### Brief:
Would you give the listing again exactly as written, minus its pictures?

### Data block:
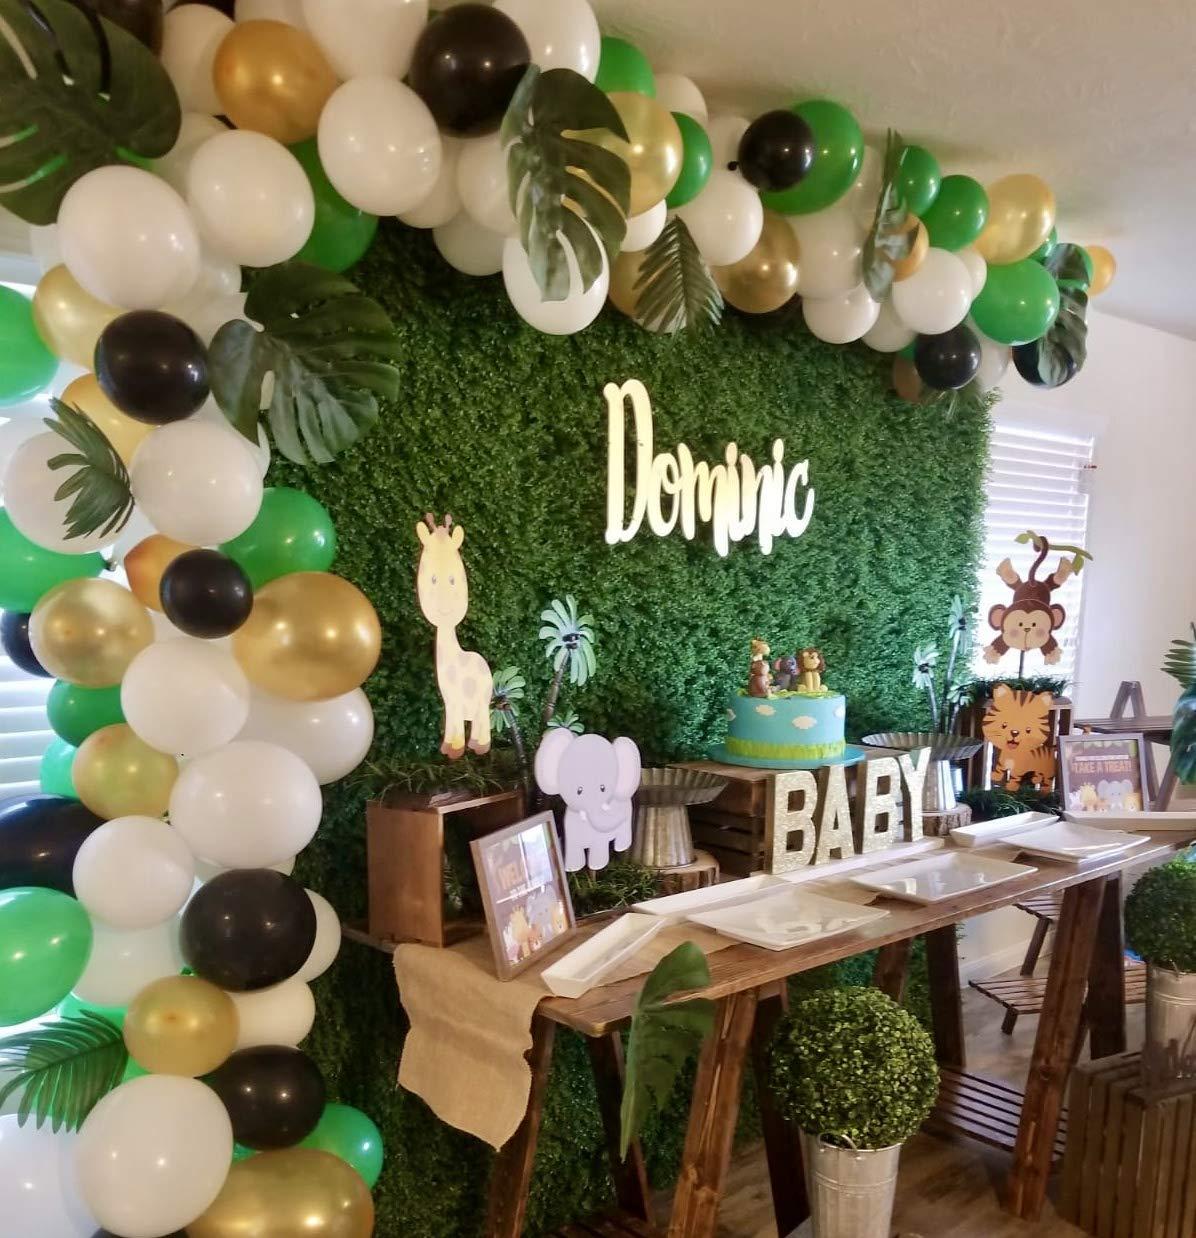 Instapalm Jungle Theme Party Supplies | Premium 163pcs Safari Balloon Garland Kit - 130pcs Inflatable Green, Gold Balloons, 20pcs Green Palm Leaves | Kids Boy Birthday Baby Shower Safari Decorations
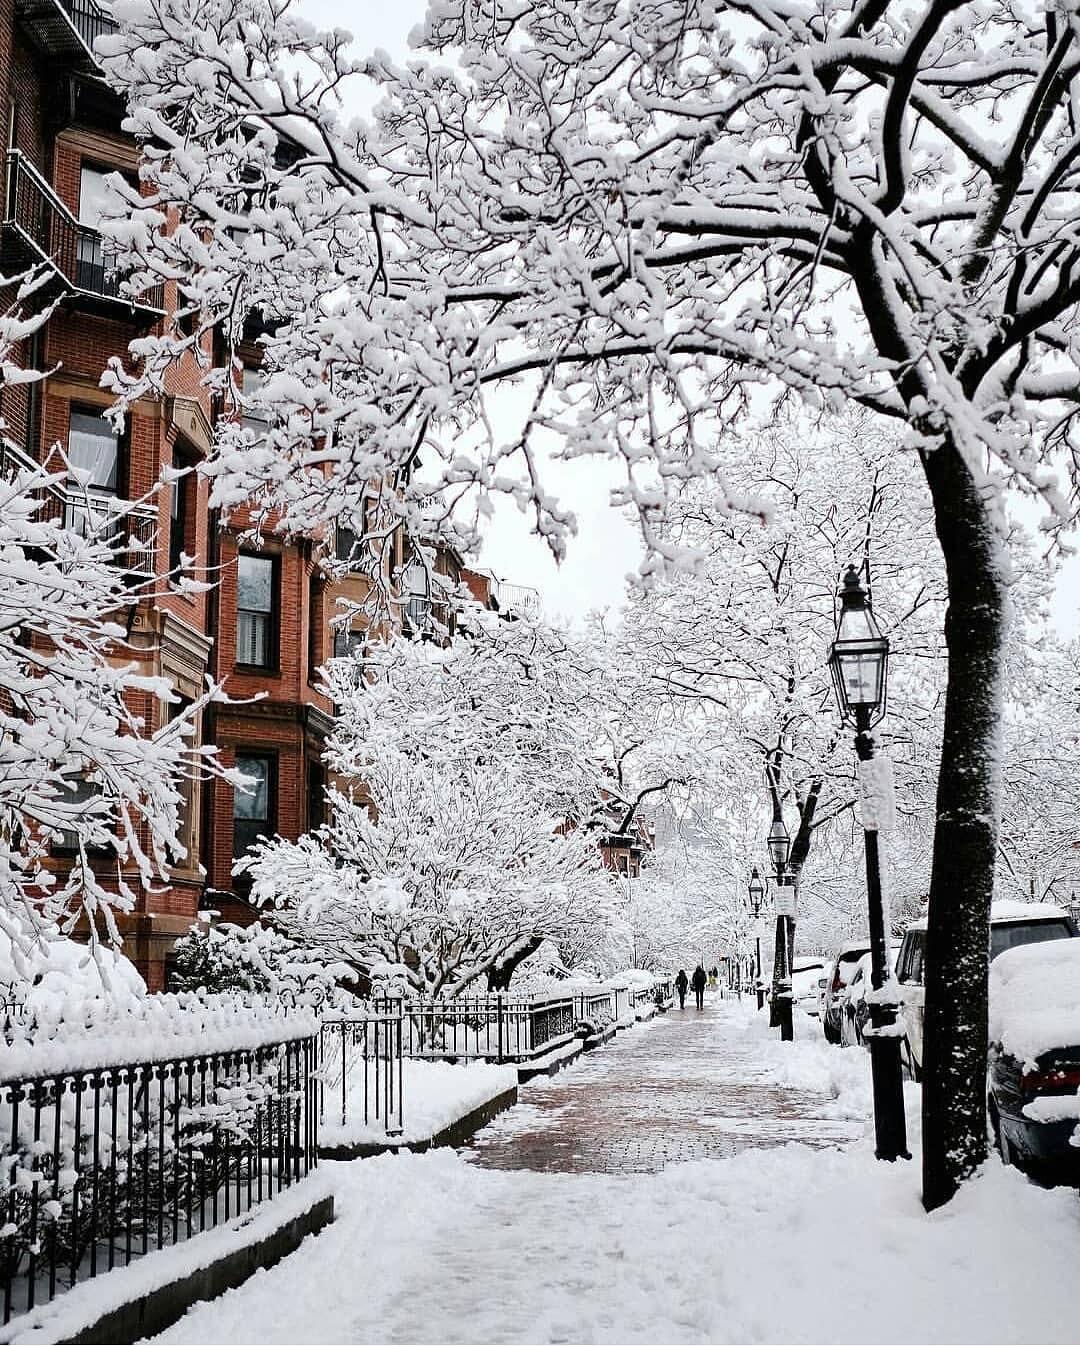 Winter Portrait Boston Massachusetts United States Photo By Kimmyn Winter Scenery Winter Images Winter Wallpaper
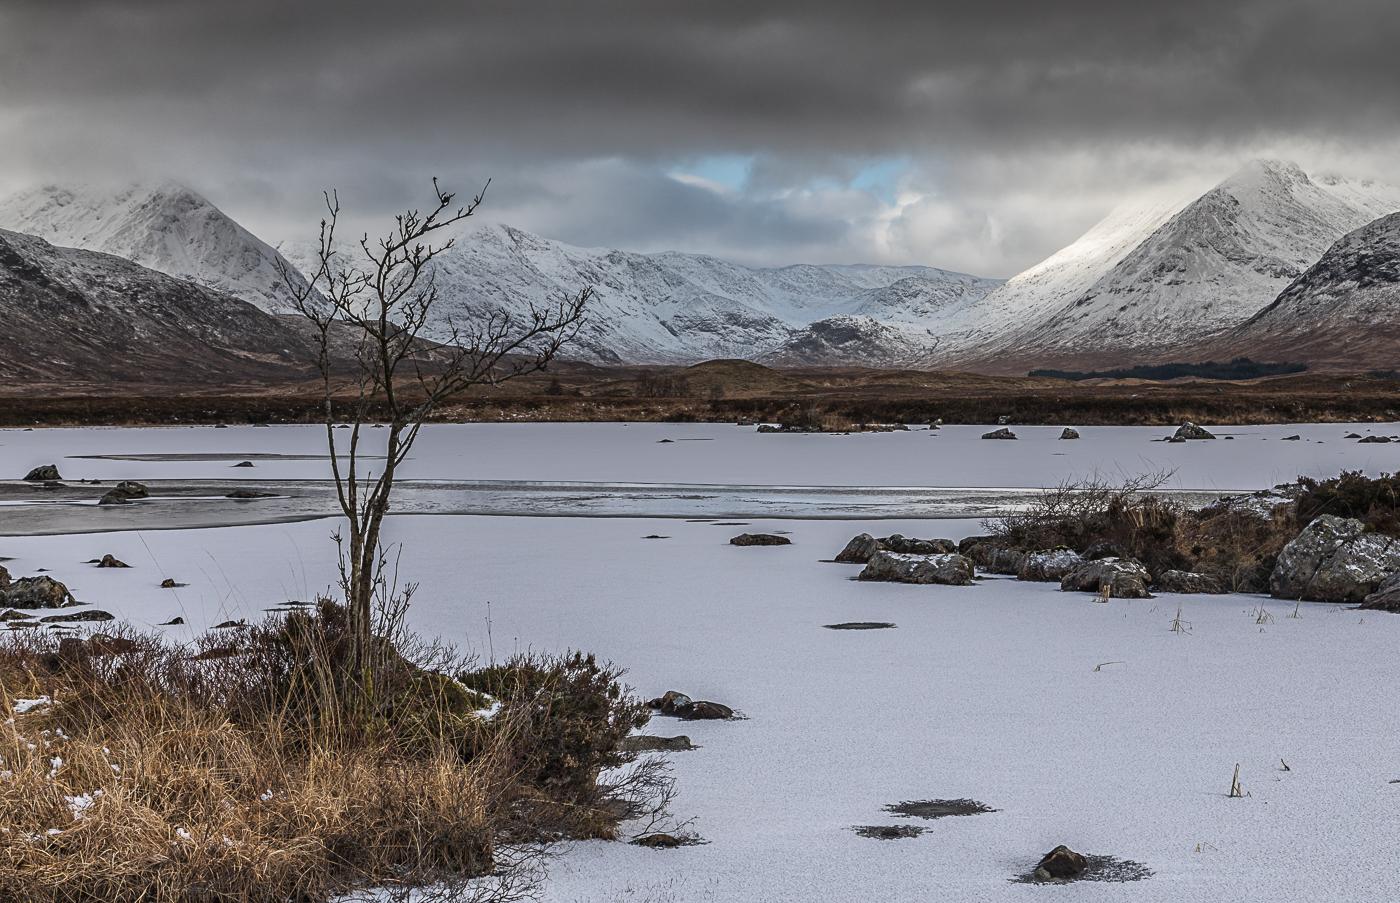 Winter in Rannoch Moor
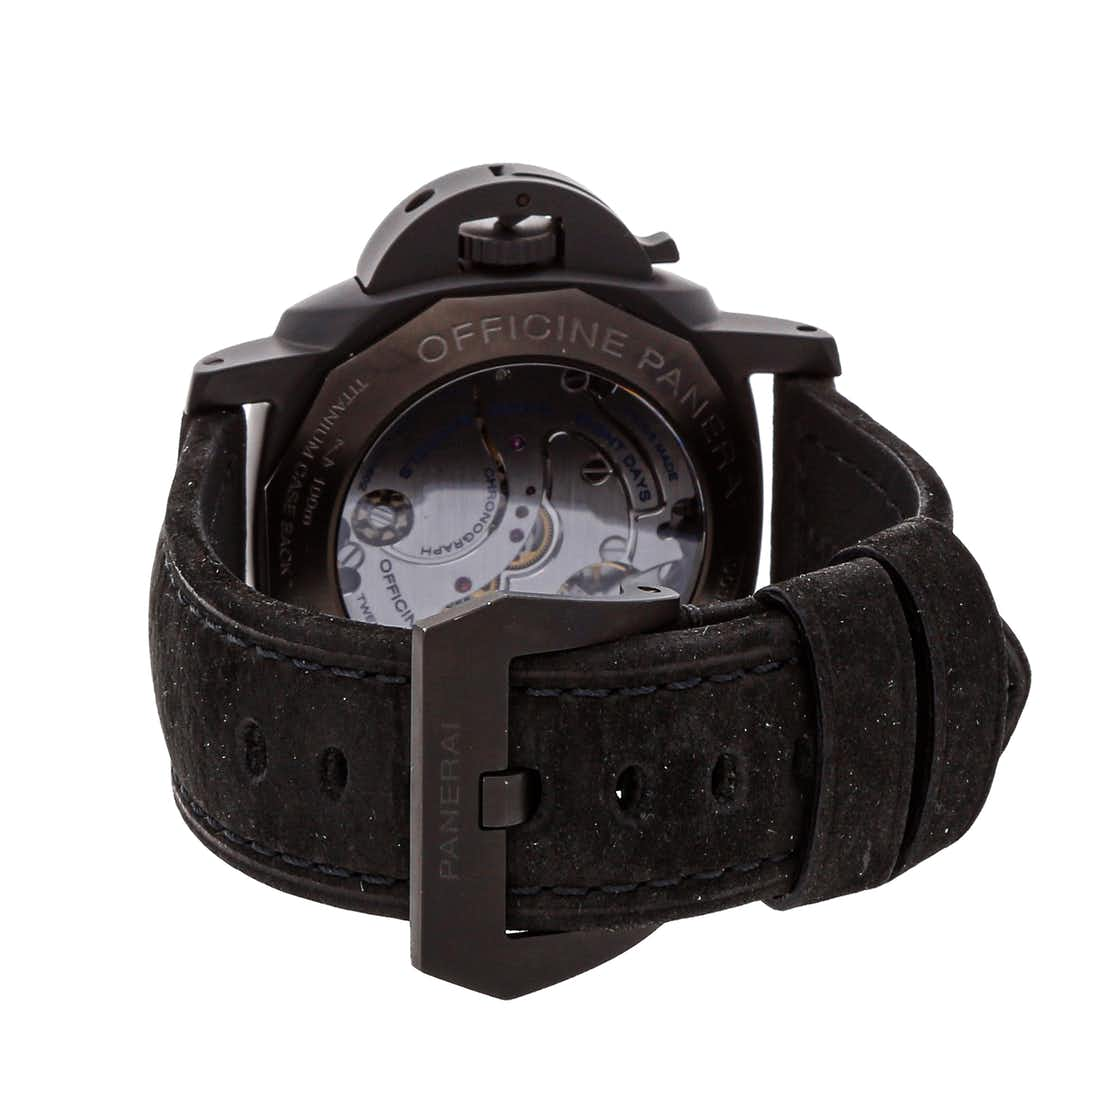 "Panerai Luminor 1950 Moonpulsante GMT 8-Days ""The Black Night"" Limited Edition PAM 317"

### Task result:
 Instapalm Jungle Theme Party Supplies | Premium 163pcs Safari Balloon Garland Kit - 130pcs Inflatable Green, Gold Balloons, 20pcs Green Palm Leaves | Kids Boy Birthday Baby Shower Safari Decorations
 Winter Portrait Boston Massachusetts United States Photo By Kimmyn Winter Scenery Winter Images Winter Wallpaper
 Winter in Rannoch Moor
 "Panerai Luminor 1950 Moonpulsante GMT 8-Days ""The Black Night"" Limited Edition PAM 317"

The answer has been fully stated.